I do not question the right of the Pope to so direct the communicants of his faith in their educational procedures. But I see no legal or other justification for supporting such a sectarian school system with public taxes, either by direct support, or special tax exemptions for parents of parochial school children. Public monies should mean public control, the right to apply public taxes; make public appropriations; the right of political recall of school boards; and the obligation of public accountability by administrators and teachers.
The basic issues of church and state are constitutionality, the cultural meaning of freedom of religion as it was intended in the Bill of Rights and as it has been clarified by court decisions and the right of public control of school systems supported by public monies.
The issues will remain with us for a long time. I have no hesitancy in supporting the wall of separation of church and state. Our colonies were never united in one religion. Religious pluralism has always existed here. Memories of persecution were fresh in the [minds] of many revolutionists. The wisdom of Jefferson and Madison was not constructed of phantoms, but on the premise of religious freedom in a land where men and women of fervent faiths and men and women of little religious faith had to work together, fight together, sacrifice together and pledge their lives and honor to a system which would achieve both abundance and justice. The goals have not been fully achieved, but we have come a long way.

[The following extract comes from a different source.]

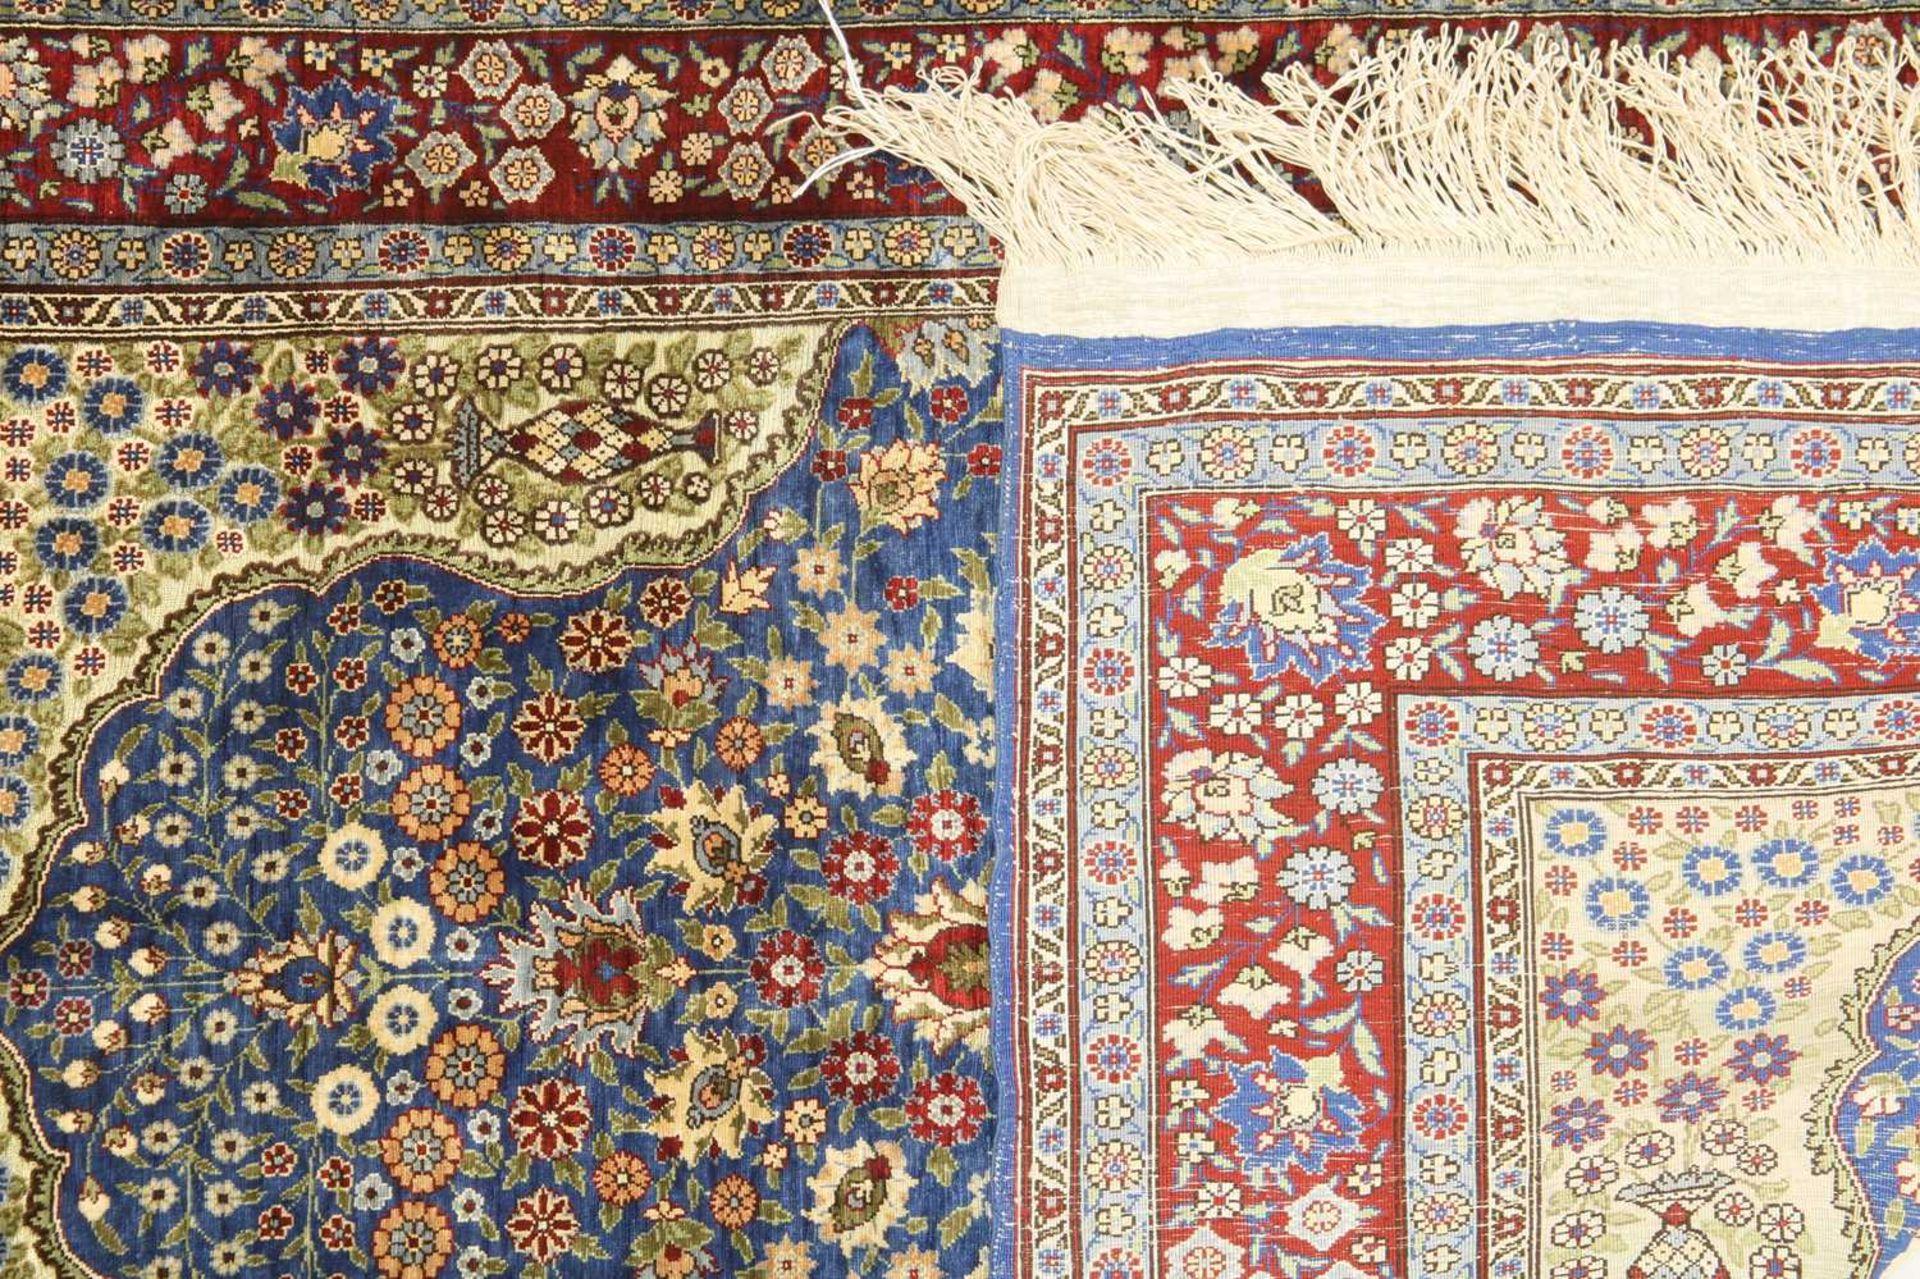 A Turkish silk and metal Hereke rug, - Image 2 of 2

In the Zorach case, Mr. Justice Jackson, in a dissent, said this – and his words might well be engraved near the top of the principles we hold dear - “My evangelistic brethren confuse an objection to compulsion with an objection to religion. It is possible to hold a faith with enough confidence to believe that what should be rendered to God does not need to be collected and decided by Caesar.”
Rochester
Sermon Series: Our Judeo-Christian Heritage
17. Church and State – The Real Issues
In our country, churches exist side by side in relative harmony, even though a world of differences may exist between their unlike assumptions as to the source of truth and their widely differing interpretations of religious experience. But one controversy seems fated for continuing acrimony: the serious cleavage of opinion about the “wall of separation between Church and State,” to use Jefferson’s immortal phrase.

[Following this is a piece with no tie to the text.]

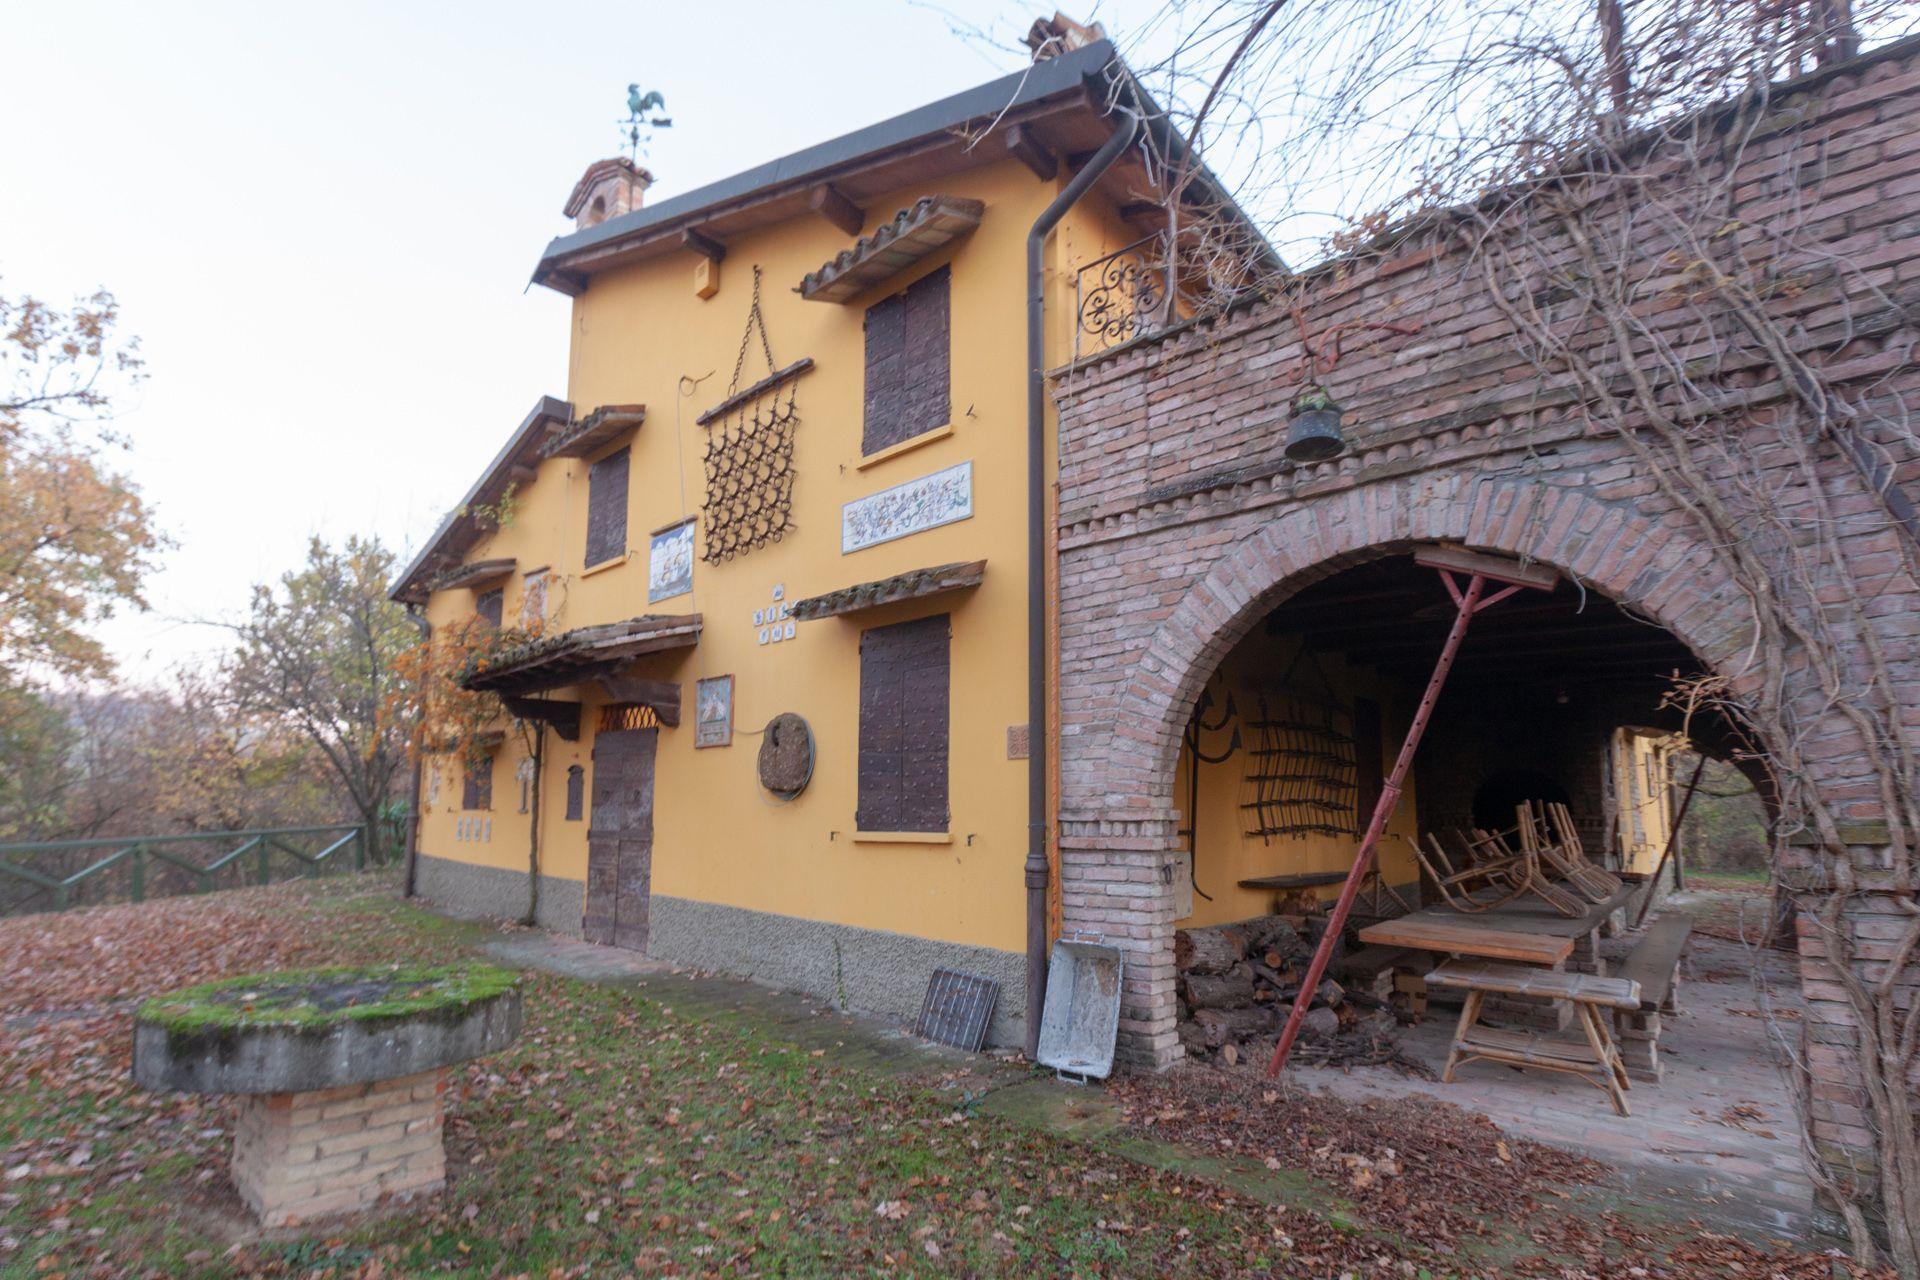 Casa de campo en Maranello, Collinare Modenese, venta

That religious institutions should divide us so bitterly on the many facets of this central issue is regrettable, but the issues are serious, not trivial. In King Henry V (sc. 1, act iv.), Shakespeare has the king say just before battle,
“There is some soul of goodness in things evil,
would men observingly distill it out.”
Church-state controversies frequently are pitched on bitter exchanges of hostile argument, and that may be bad, but there is always the opportunity in such confrontations to distill out goodness or wisdom, to clarify one’s convictions and even dissolve prejudices if discourse can be kept on the level of mutual goodwill.
Church-state relationships represent a wide spectrum of differences, some routine, some dramatic. The use of the Bible as the sanction for court testimony, the saluting of the flag in public schools, the compulsory nature of school attendance, chaplains in the armed services and Congress – all these and many more touch lightly or heavily on the church-state controversy.
But in our country at least, the most far-reaching of present church-state issues involves the public schools. For this reason I would confine my sermon today to aspects of this significant struggle.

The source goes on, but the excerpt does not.